Ma nel disco c’era anche un altro futuro classico dylaniano, “A hard rain’s a-gonna fall”, con la sua struttura da ballata folk - voce, chitarra acustica, armonica - e i suoi riferimenti abbastanza espliciti alla paura di un’apocalisse nucleare. Erano i mesi della crisi dei missili di Cuba, del rischio di una terza guerra mondiale, e anche quel brano - con le sue visionarie riflessioni sul senso della condizione umana - divenne un inno del pacifismo, del rifiuto della violenza e dell’opposizione a tutte le guerre.
Mezzo secolo dopo, Bob Dylan è un signore di settantuno anni, che probabilmente ha avuto dalla vita e dalla carriera molto più di quanto avrebbe mai osato immaginare in quell’estate del ’62. Da anni viene candidato al Nobel per la letteratura, prima o poi c’è anche la possibilità e la speranza che l’ambitissimo premio gli venga assegnato.
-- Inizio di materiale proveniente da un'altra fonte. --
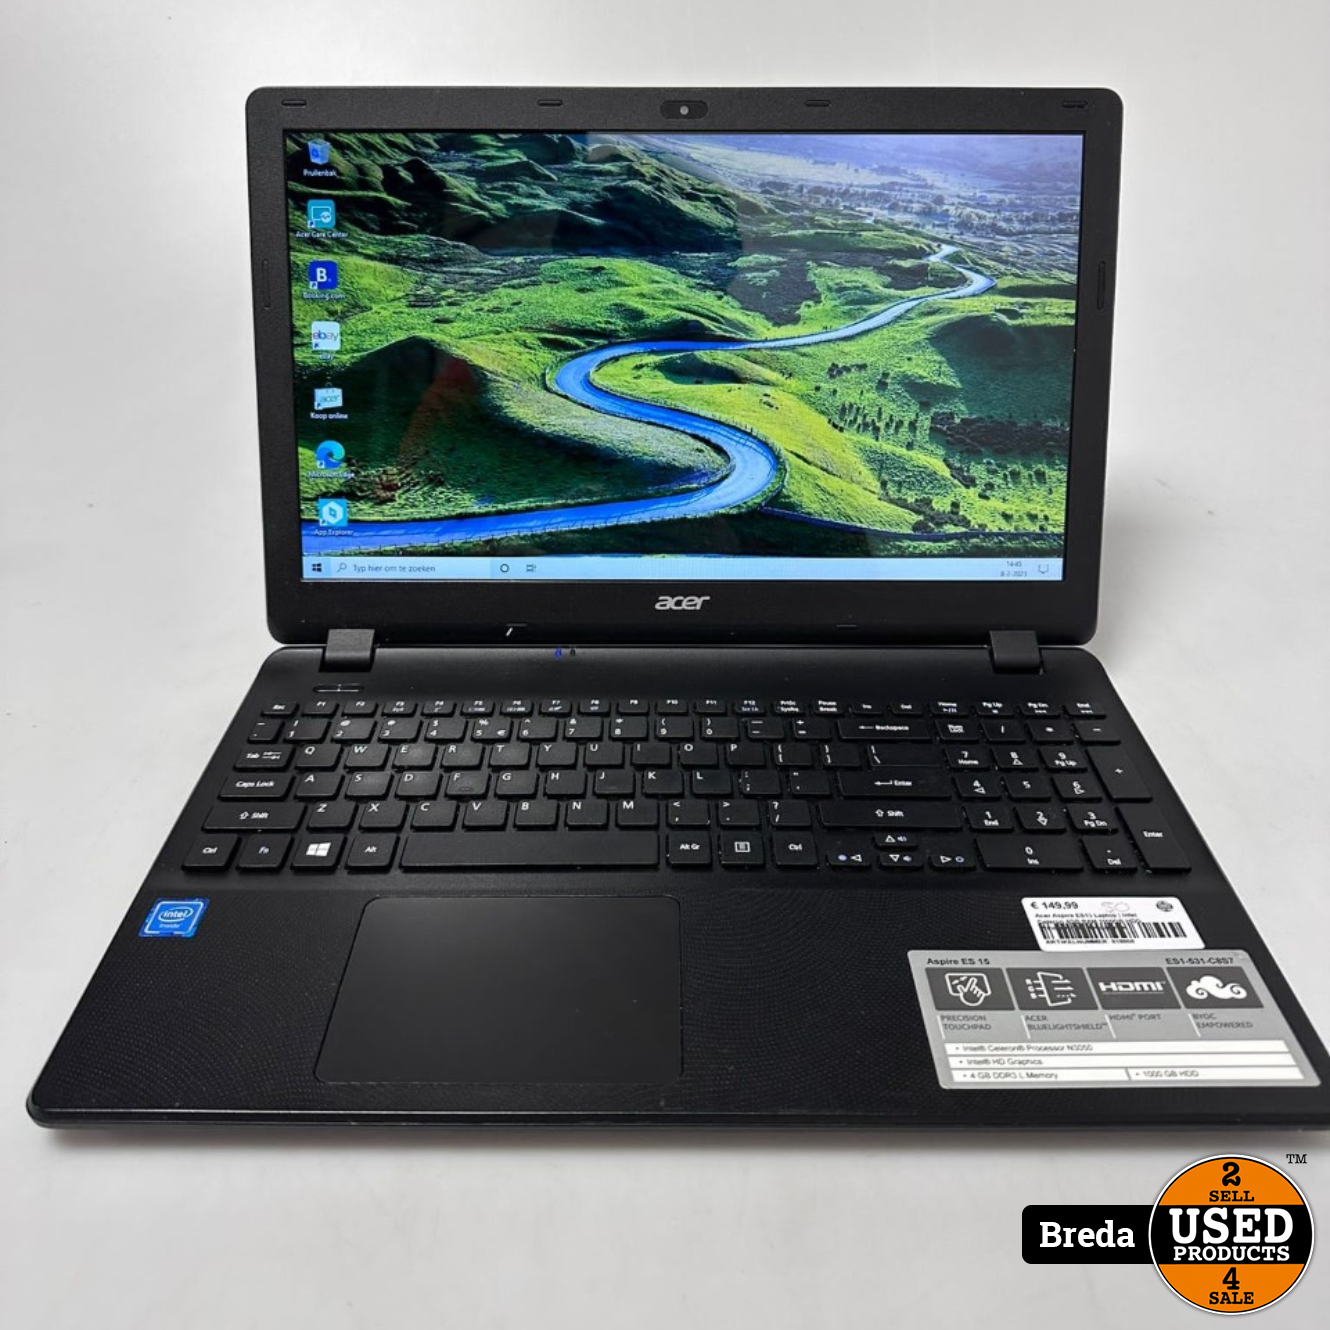 Acer Aspire ES1-531 Laptop | Intel Celeron N3050 4GB RAM 1TB HDD Intel HD Graphics Windows 10 | Met garantie - Used Breda

Ogni tanto sforna ancora qualche ottimo album (come “Modern times”, del 2006), alternandolo a cose meno fondamentali e a
Ed è praticamente sempre in tournèe, nonostante l’età e gli allori potrebbero permettergli una vita più ritirata. Il suo cosiddetto Never Ending Tour (la tournèe che non finisce mai) è infatti cominciata, secondo i suoi storici, il 7 giugno ’88 e, concedendosi ovviamente delle pause di qualche mese per volta, non dà ancora l’impressione di volersi concludere.
In questi anni Dylan ha cantato praticamente ovunque, in tutti i continenti, nelle grandi città come nei piccoli centri, accompagnato da una band in perenne evoluzione. Come in perenne evoluzione - per non dire peggio - sono le letture e a volte i veri e propri stravolgimenti cui l’eterno menestrello sottopone cavalli di battaglia e brani vecchi e nuovi. A volte anche i suoi fan più accaniti - quelli che il 24 maggio di ogni anno festeggiano a casa propria, con amici e parenti, il compleanno del nostro - stentano a ricoscere certi attacchi dal vivo...
Forse succederà anche stasera, in provincia di Cuneo, dove Dylan concluderà il piccolo ma prestigioso festivan che quest’anno ha ospitato anche Patti Smith. I seimila biglietti (a 26 euro) sono andati esauriti in soli quattro giorni, con presenze da tutta italia e anche da Svizzera e Francia. Per uno dei grandi protagonisti della cultura e della musica del Novecento. Che mezzo secolo fa, appena ventenne, annunciò al mondo che un vento nuovo stava soffiando.